Chofetz Chaim

Chofetz Chaim: cover page 1873 ed.

The Sefer Chofetz Chaim (or Chafetz Chaim or Hafetz Hayim) (Hebrew: חָפֵץ חַיִּים, trans. "Pursuer of Life") is a book by Rabbi Yisrael Meir Kagan, who is also called "the Chofetz Chaim" after it. The book deals with the Jewish laws of speech.

The title of the Chafetz Chaim is taken from Psalms:

Come, children, hearken to me; I will teach you the fear of the Lord. Who is the man who desires life ("Chafetz Chaim"), who loves days to see goodness? Guard your tongue from evil and your lips from speaking deceitfully. Shun evil and do good, seek peace and pursue it.

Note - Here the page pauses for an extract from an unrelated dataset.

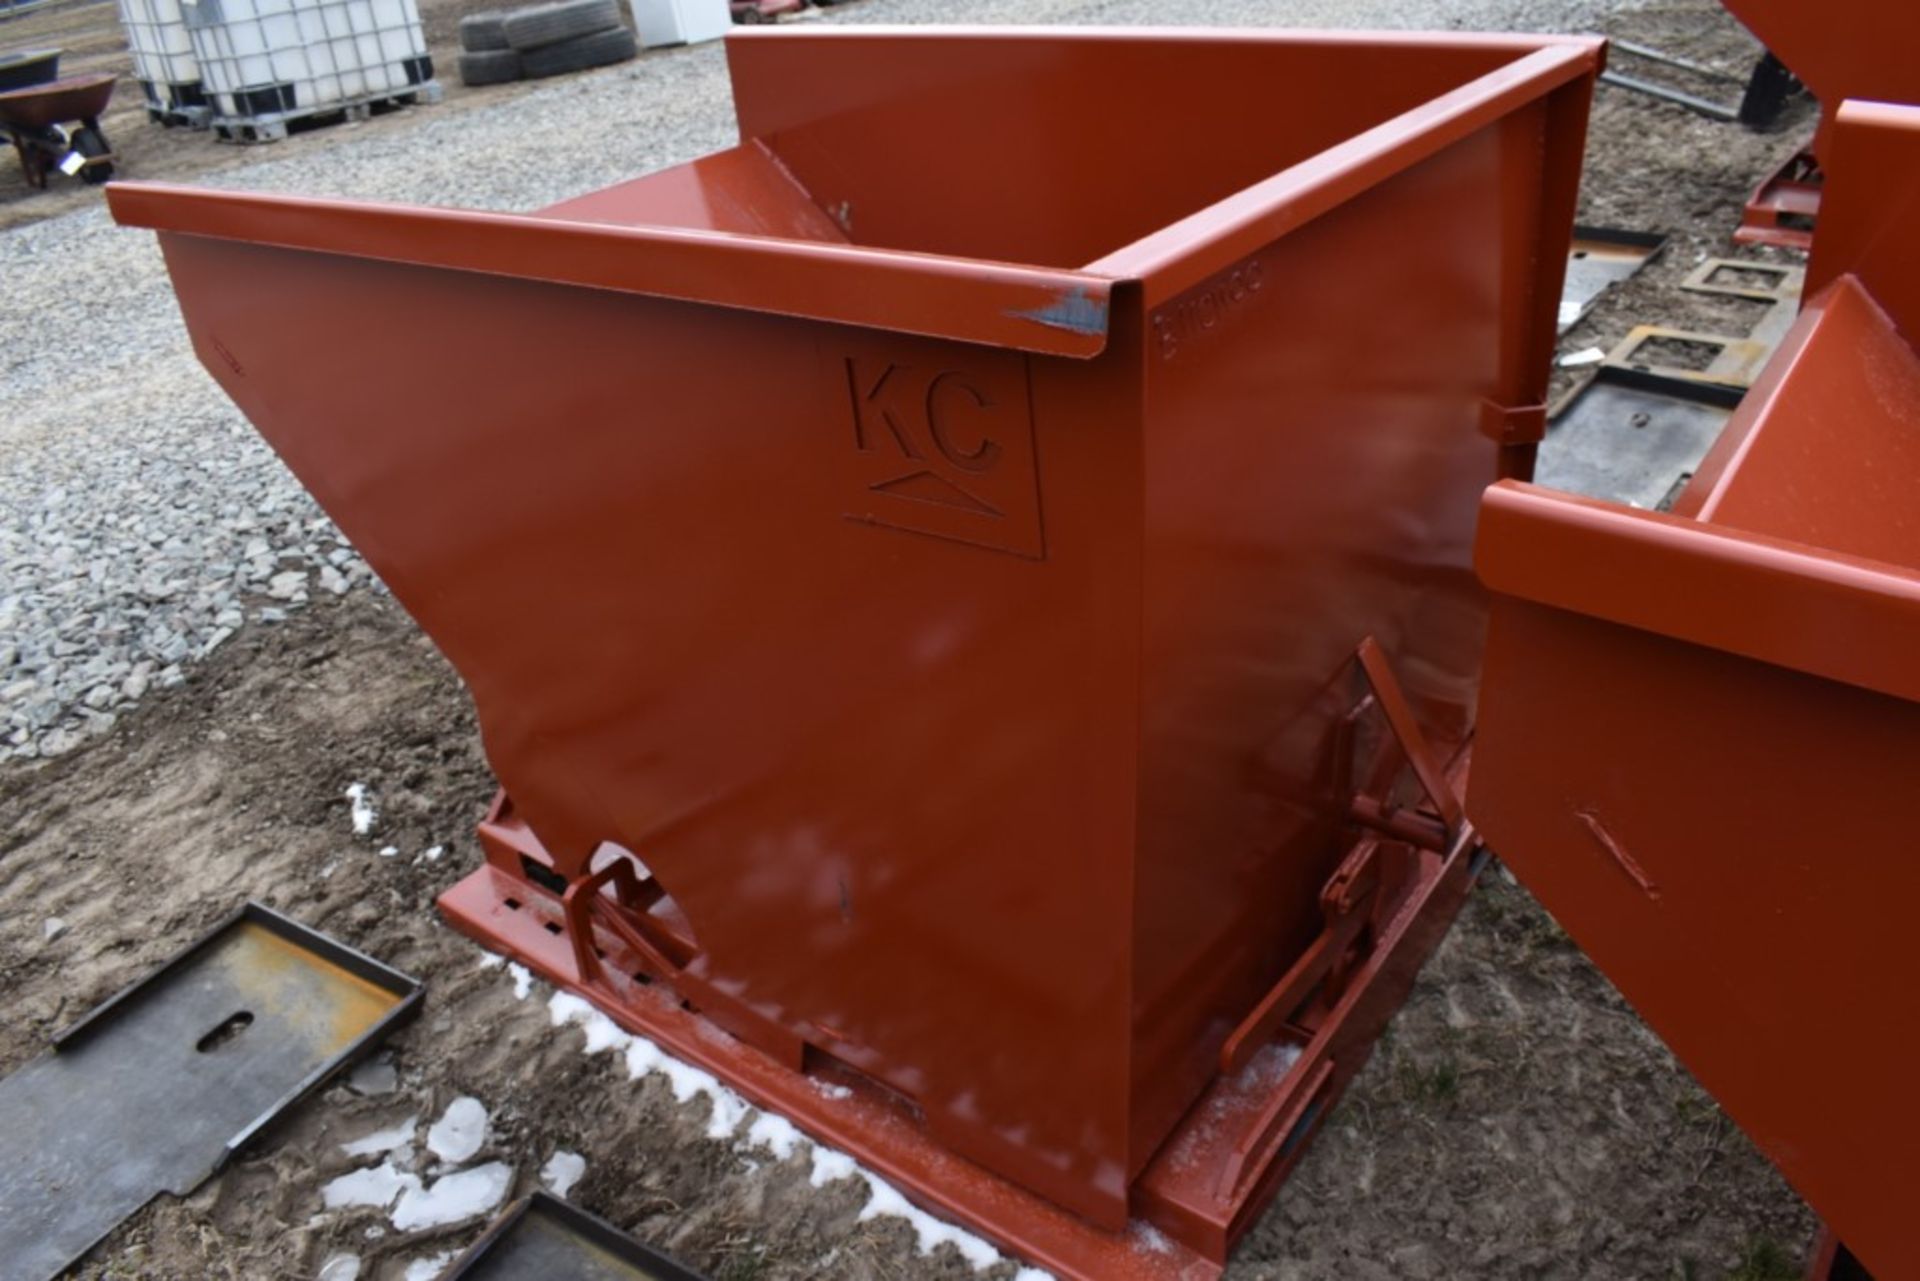 New KC Fork Mounted Self Tipping Dumpster - Bild 5 aus 8

The book's subject is Hilchoth Shmirath HaLashon (laws of clean speech). Kagan provides copious sources from the Torah, Talmud, and Rishonim about the severity of Jewish law on tale-mongering and gossip. Lashon hara, literally "'the evil tongue", i.e., evil speech (or loosely gossip and slander and prohibitions of defamation), is sometimes translated as "prohibitions of slander", but most commonly concerns the prohibitions of saying evil/bad/unpleasant things, whether or not they are true. [1]

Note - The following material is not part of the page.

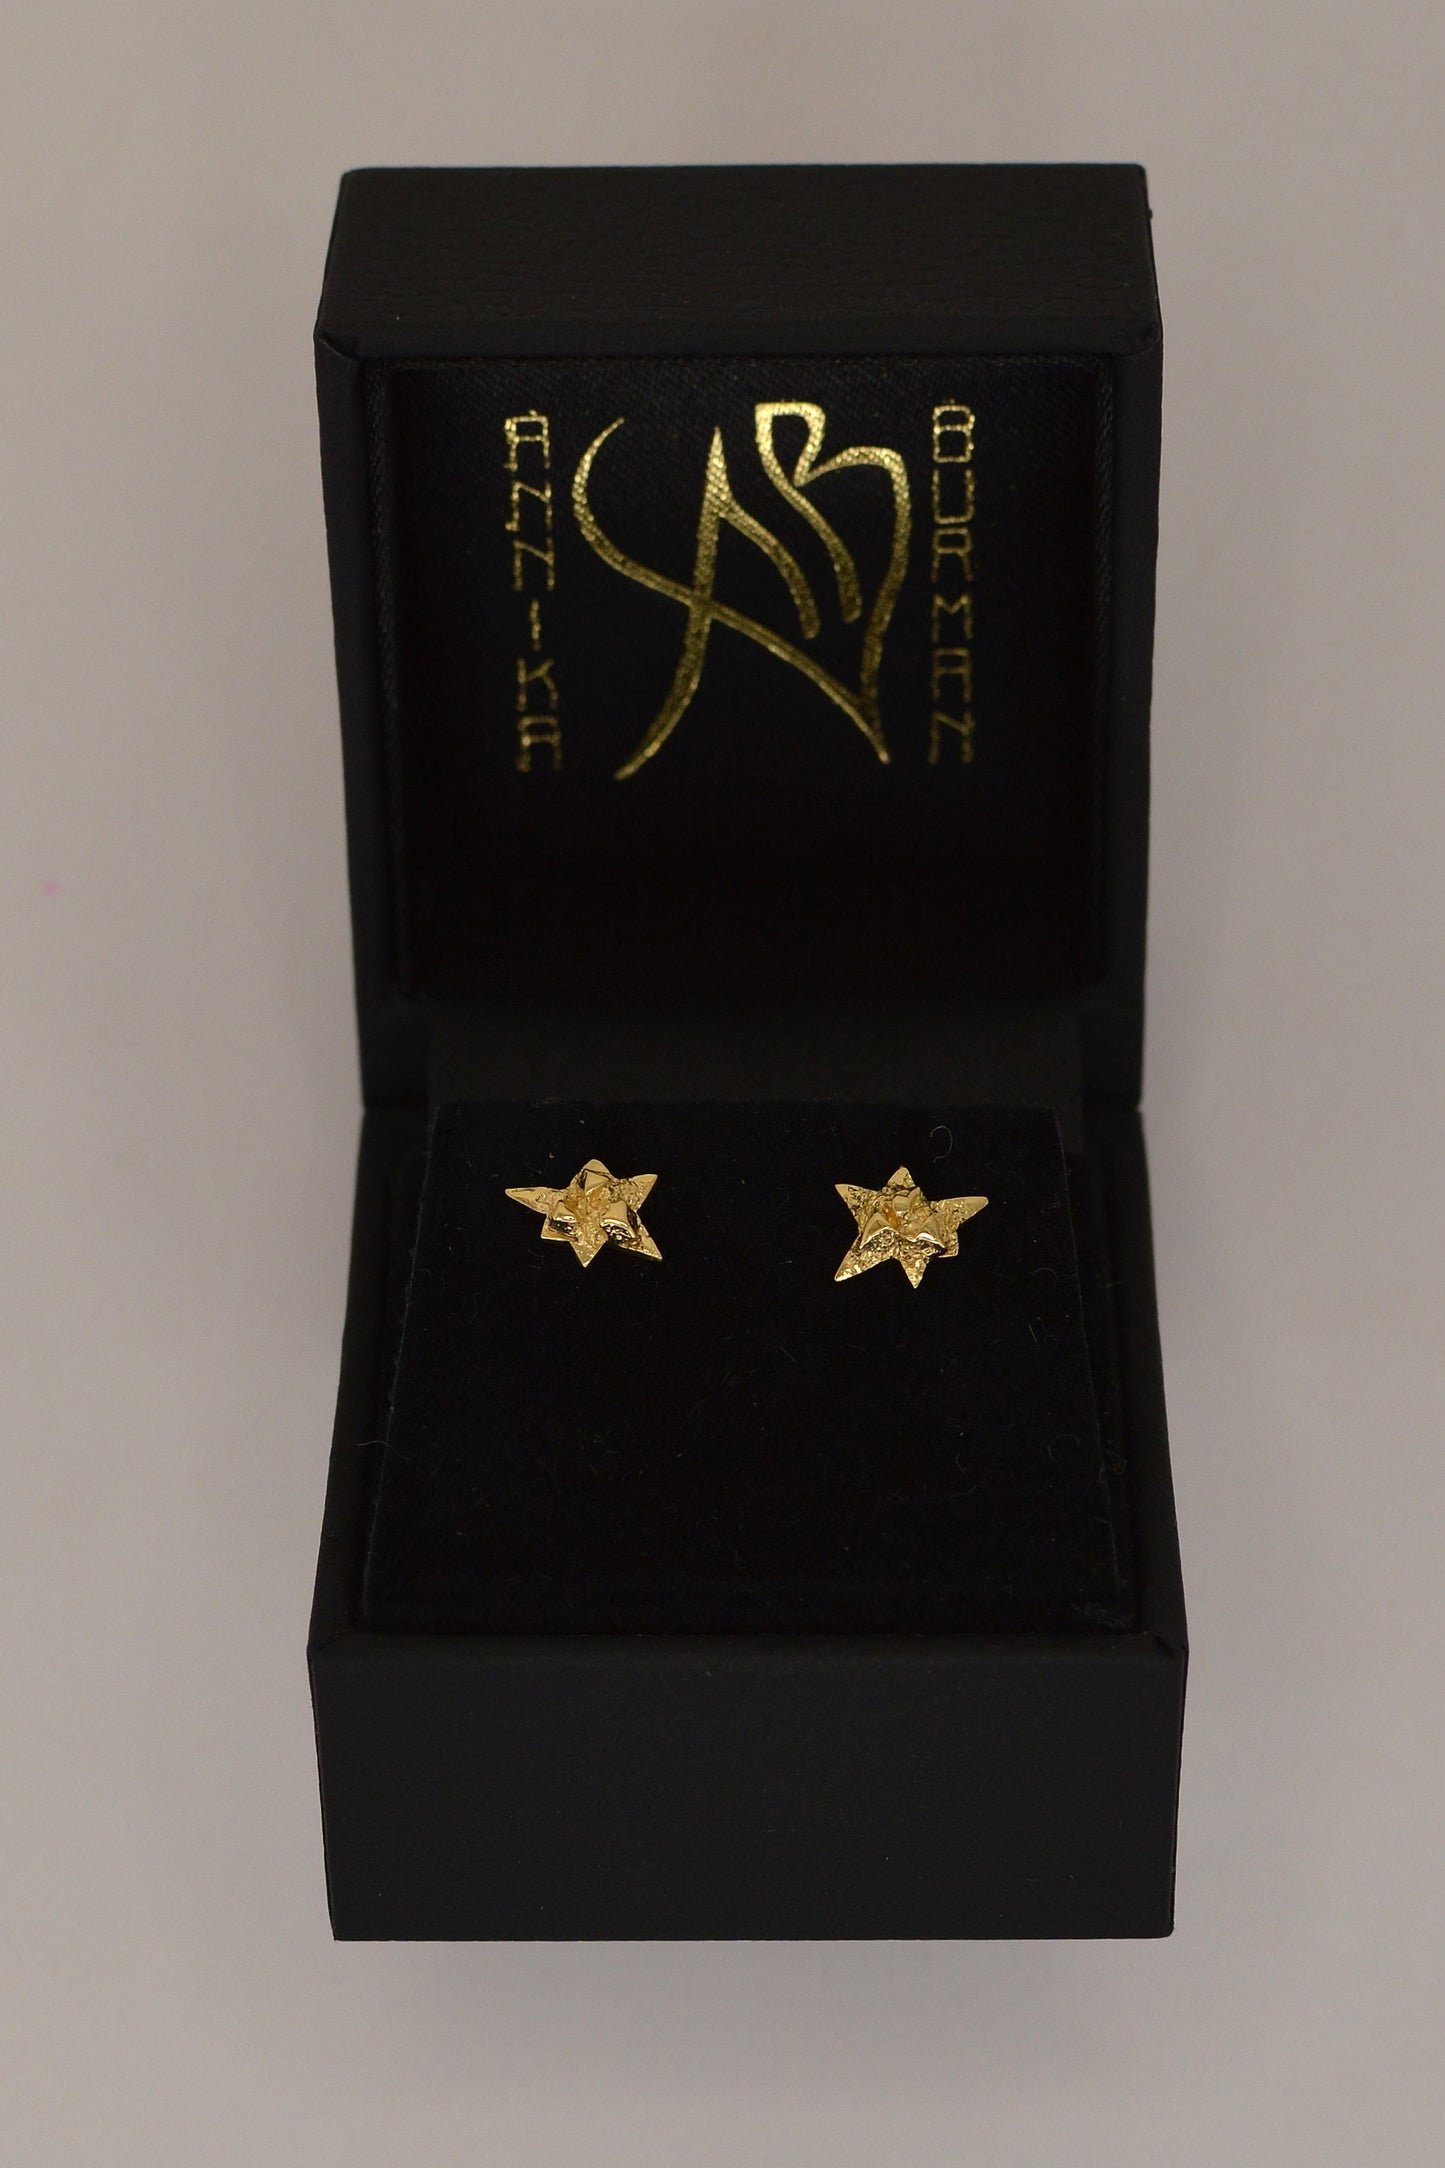 Nova gold earrings by Annika Burman in branded packaging

The book is divided into three parts:

  • The legal text is Mekor Chayim ("Source of Life").
  • Be'er Mayim Chayim ("Well of living water"), the footnotes and legal argument.
  • It is commonly printed together with the text Shemirath haLashon ("Guarding of the tongue"), an ethical treatise on the proper use of the faculty of speech.
  1. ^ Jessica Hammer; Samantha Reig (29 June 2022). "From individual rights to community obligations: a Jewish approach to speech". Interactions. 29 (4): 30–34. doi:10.1145/3535271. Retrieved May 30, 2024.